Analysis of patient data with aneurysm size showed that smoking at any time was independently associated with large aneurysms. However, other known risk factors for cerebrovascular disease, including hypertension, diabetes and use of alcohol or illicit drugs, showed no relationship to aneurysm size.

In addition, patients with large aneurysms were:

- More likely to die within three months than those with small aneurysms
- More likely to have multiple aneurysms
- Lower functioning at admission

Guterman said cigarette smoking may contribute to large aneurysm size by promoting degradation of elastin in blood vessel walls. Elastin helps blood vessels retain their shape. If elastin has deteriorated, the vessel wall may be susceptible to expanding or ballooning at sites where blood flow is especially turbulent, such as the middle cerebral artery. Large aneurysms were found to be more prevalent at this location.

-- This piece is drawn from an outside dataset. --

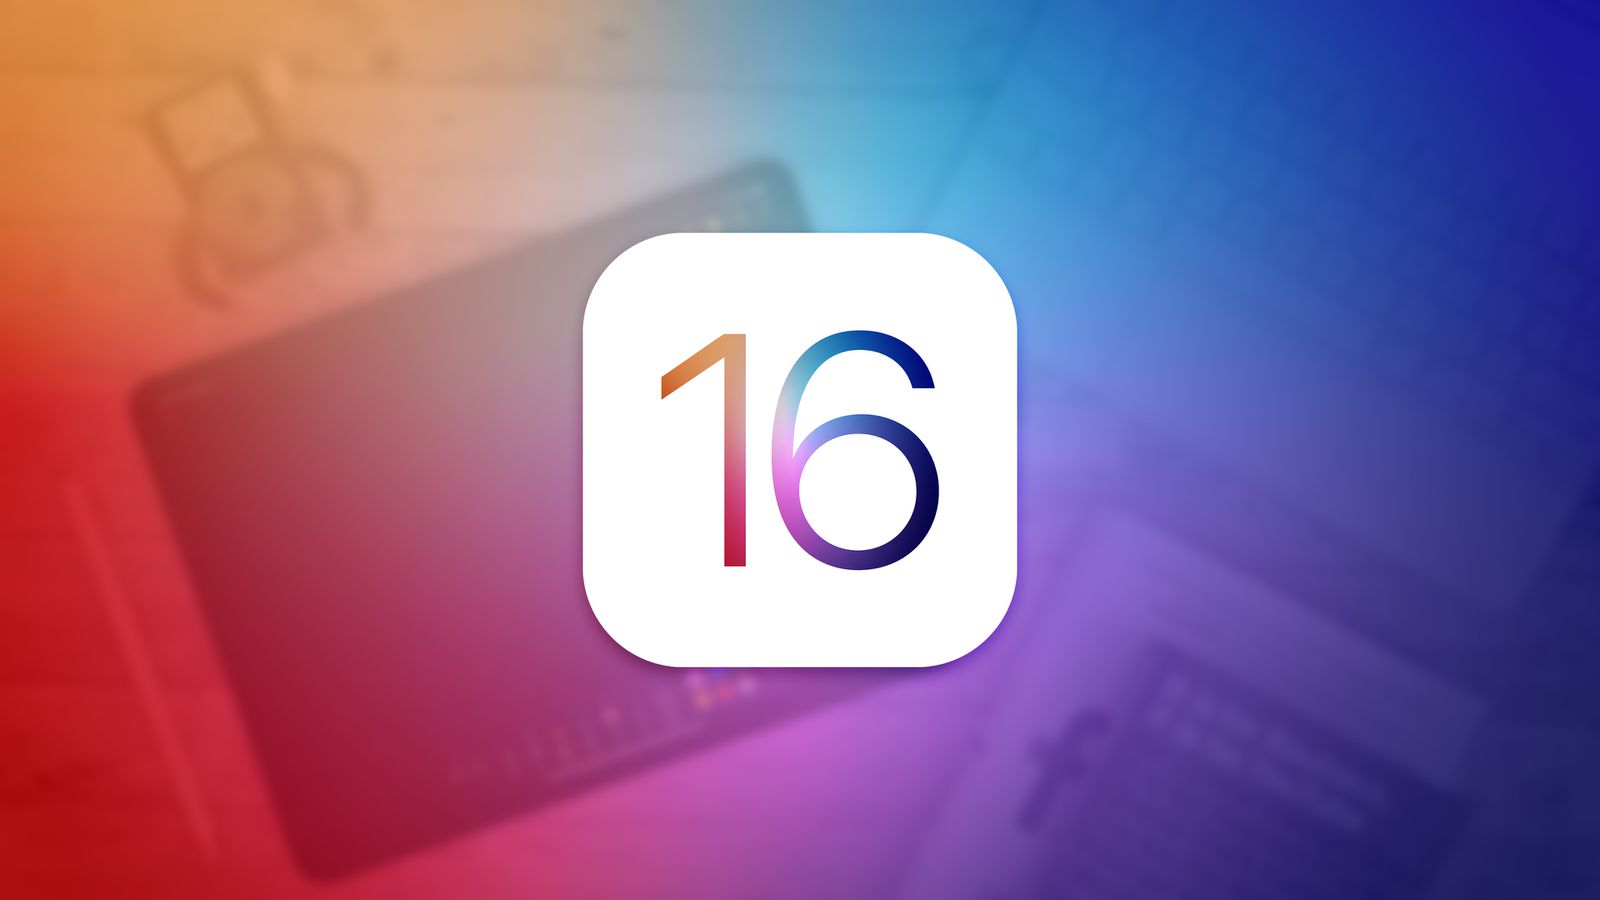 ویژگی های اصلی iOS 16

"These findings on the effect of cigarette smoking on aneurysm size, coupled with our earlier findings, suggest smoking predisposes individuals to multiple intracranial aneurysms. The only way people may be able to prevent formation of large or giant aneurysms is to stop smoking. Patients with known unruptured small aneurysms should definitely stop smoking" Guterman said.

Also participating in the study from the UB Department of Neurosurgery were postdoctoral fellows Adan I. Quershi and M. Fareed K. Suri, and L. Nelson Hopkins, department chair. University of Colorado researchers were Gene Y. Sung and Robert Straw. The initial drug trial from which the study group was drawn was funded by Pharmacia & Upjohn.